EXERCISE INSTRUCTIONS. Only the lines below from the one containing "アニメ『腐男子高校生活』の宣" through the one containing "Alte verwickelte Kabel, Elektronik" belong in the answer, repeated exactly and without pictures.

Segment Start: EXERCISE MATERIALS

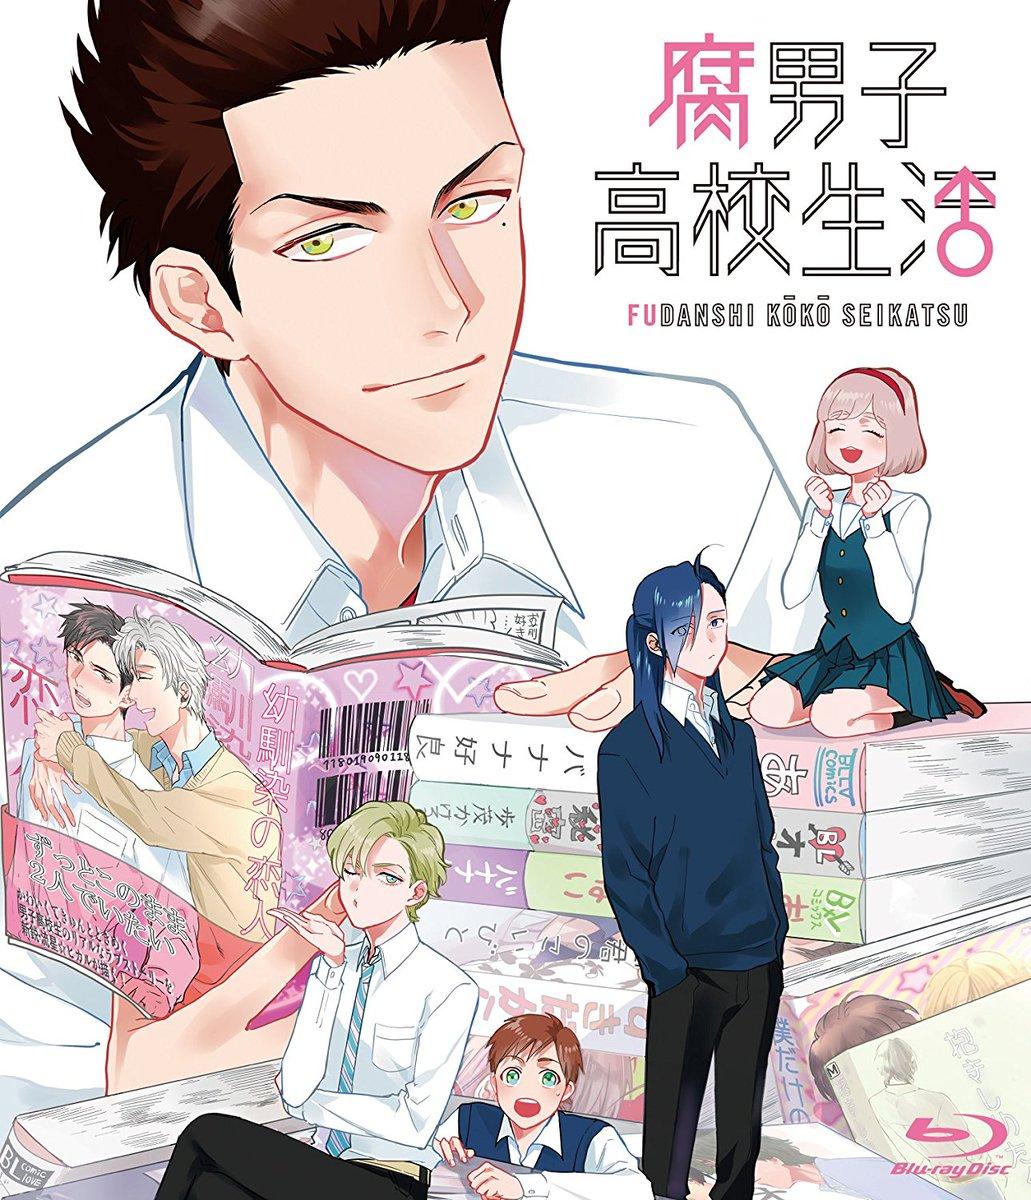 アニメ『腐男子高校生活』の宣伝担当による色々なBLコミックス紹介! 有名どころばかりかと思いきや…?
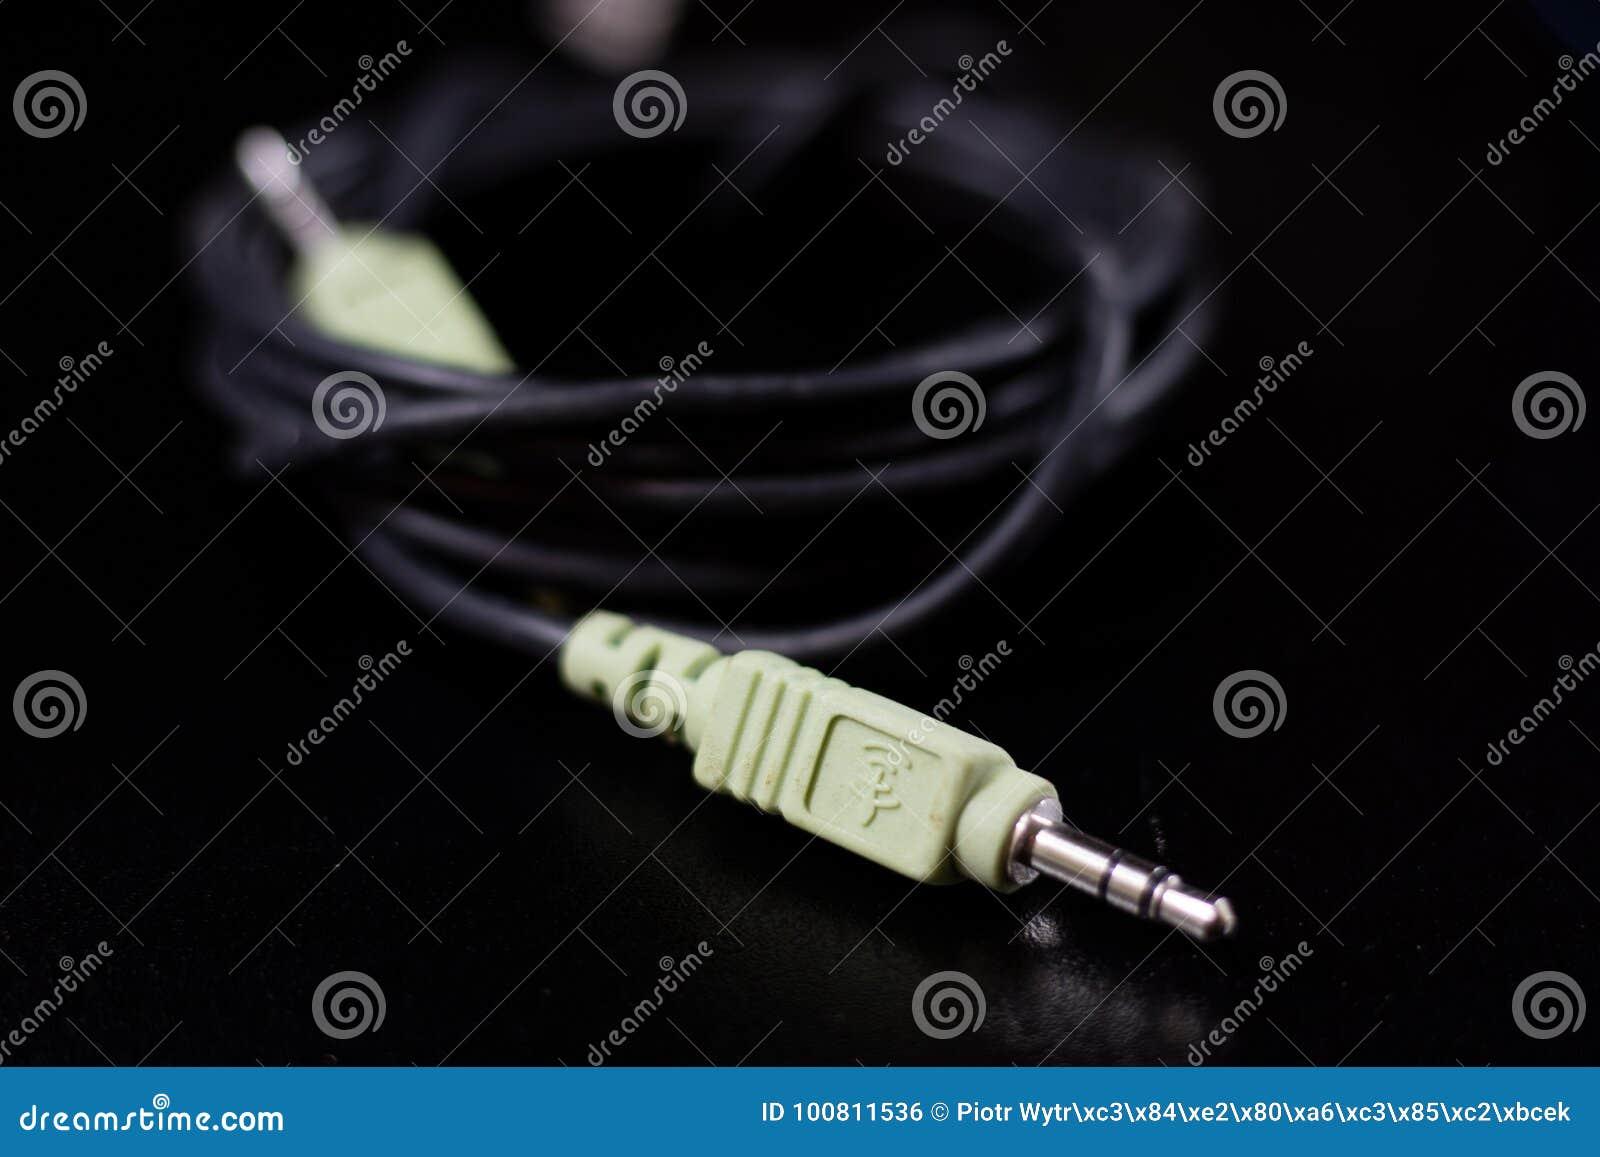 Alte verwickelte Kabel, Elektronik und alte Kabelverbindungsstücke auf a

Segment End: EXERCISE MATERIALS
Segment Start: EXERCISE MATERIALS

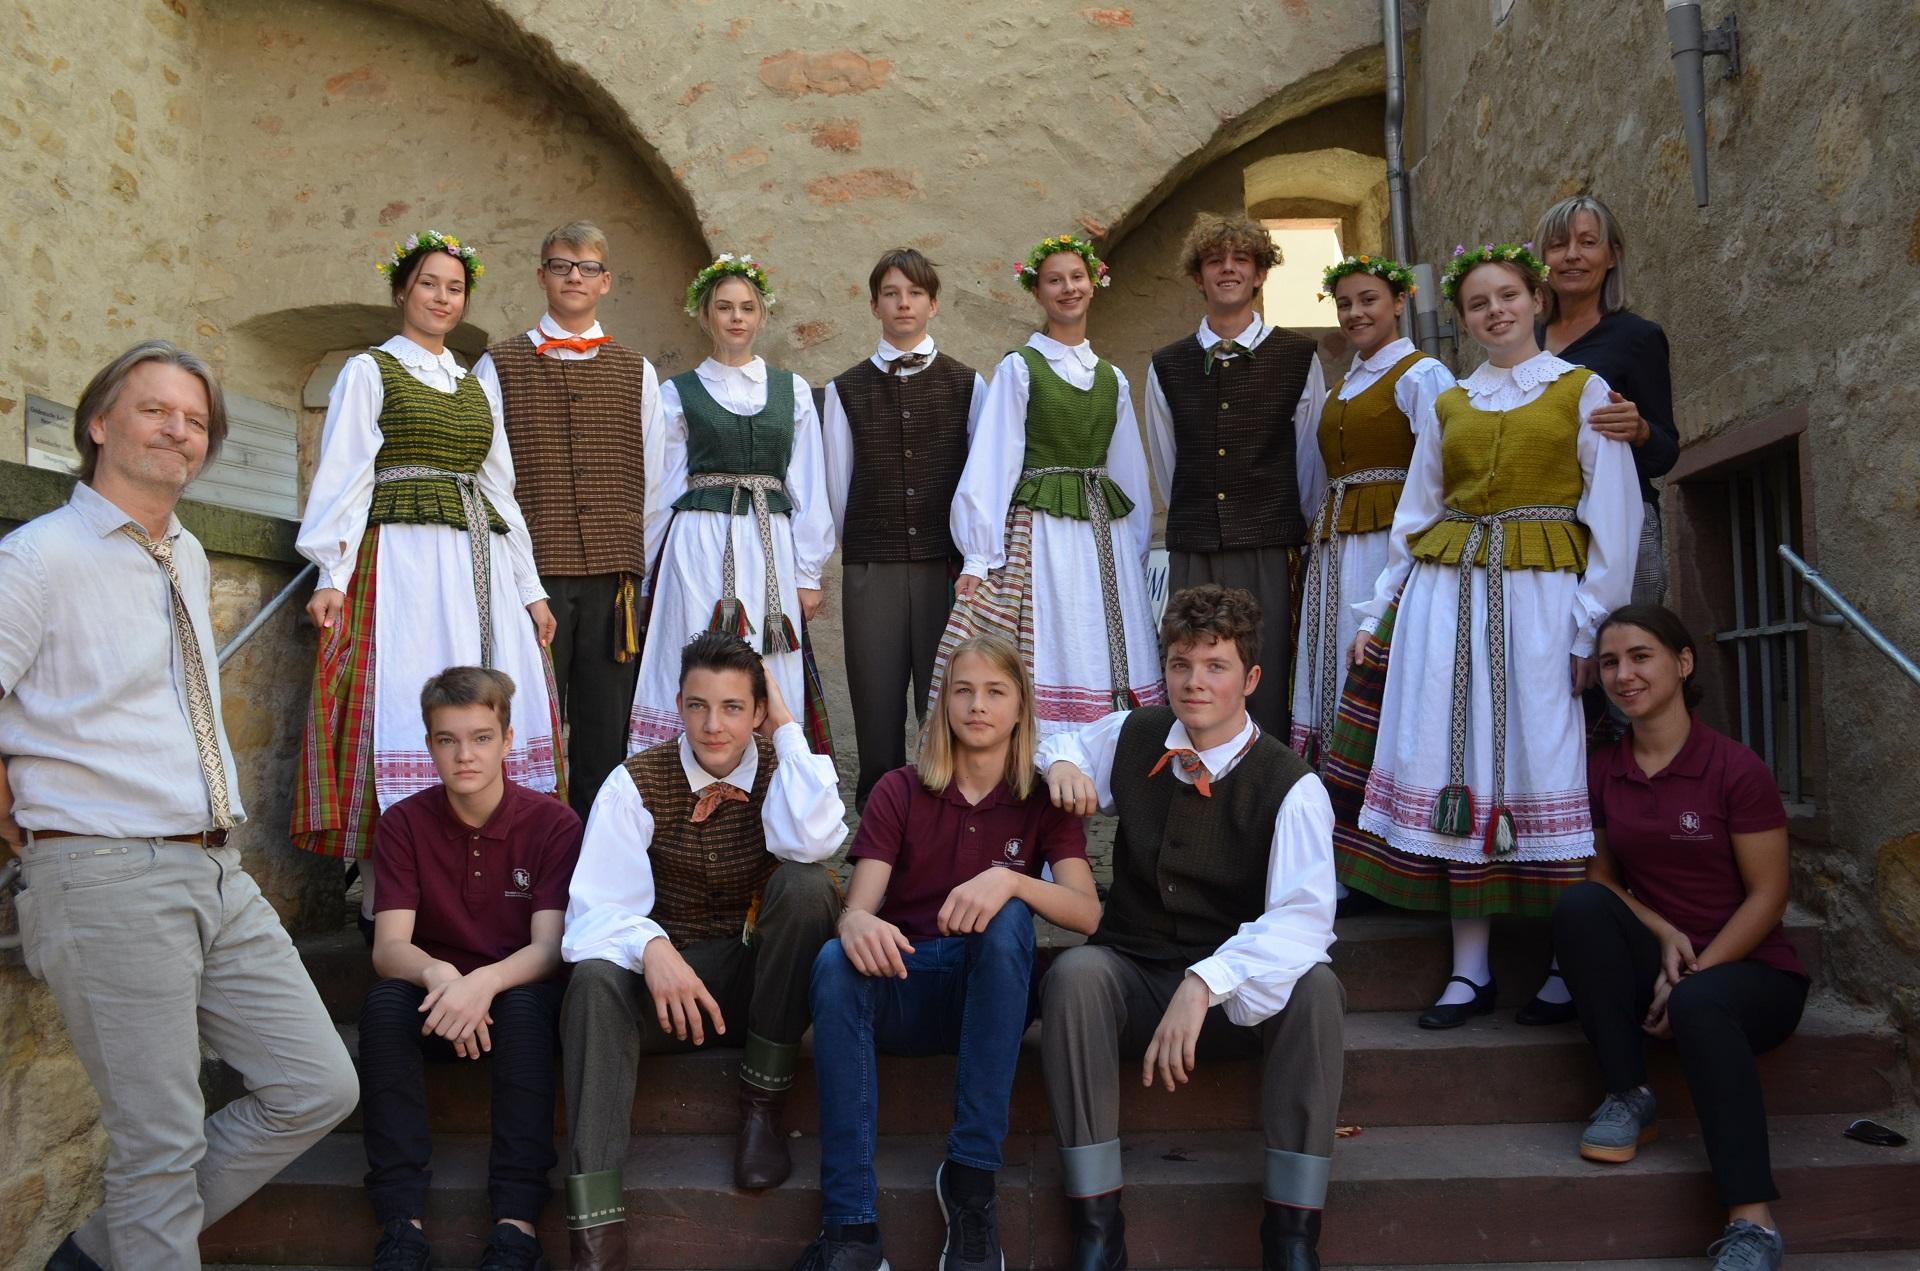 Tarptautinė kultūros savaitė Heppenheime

Segment End: EXERCISE MATERIALS

RESULT BELOW.
 アニメ『腐男子高校生活』の宣伝担当による色々なBLコミックス紹介! 有名どころばかりかと思いきや…?
 Alte verwickelte Kabel, Elektronik und alte Kabelverbindungsstücke auf a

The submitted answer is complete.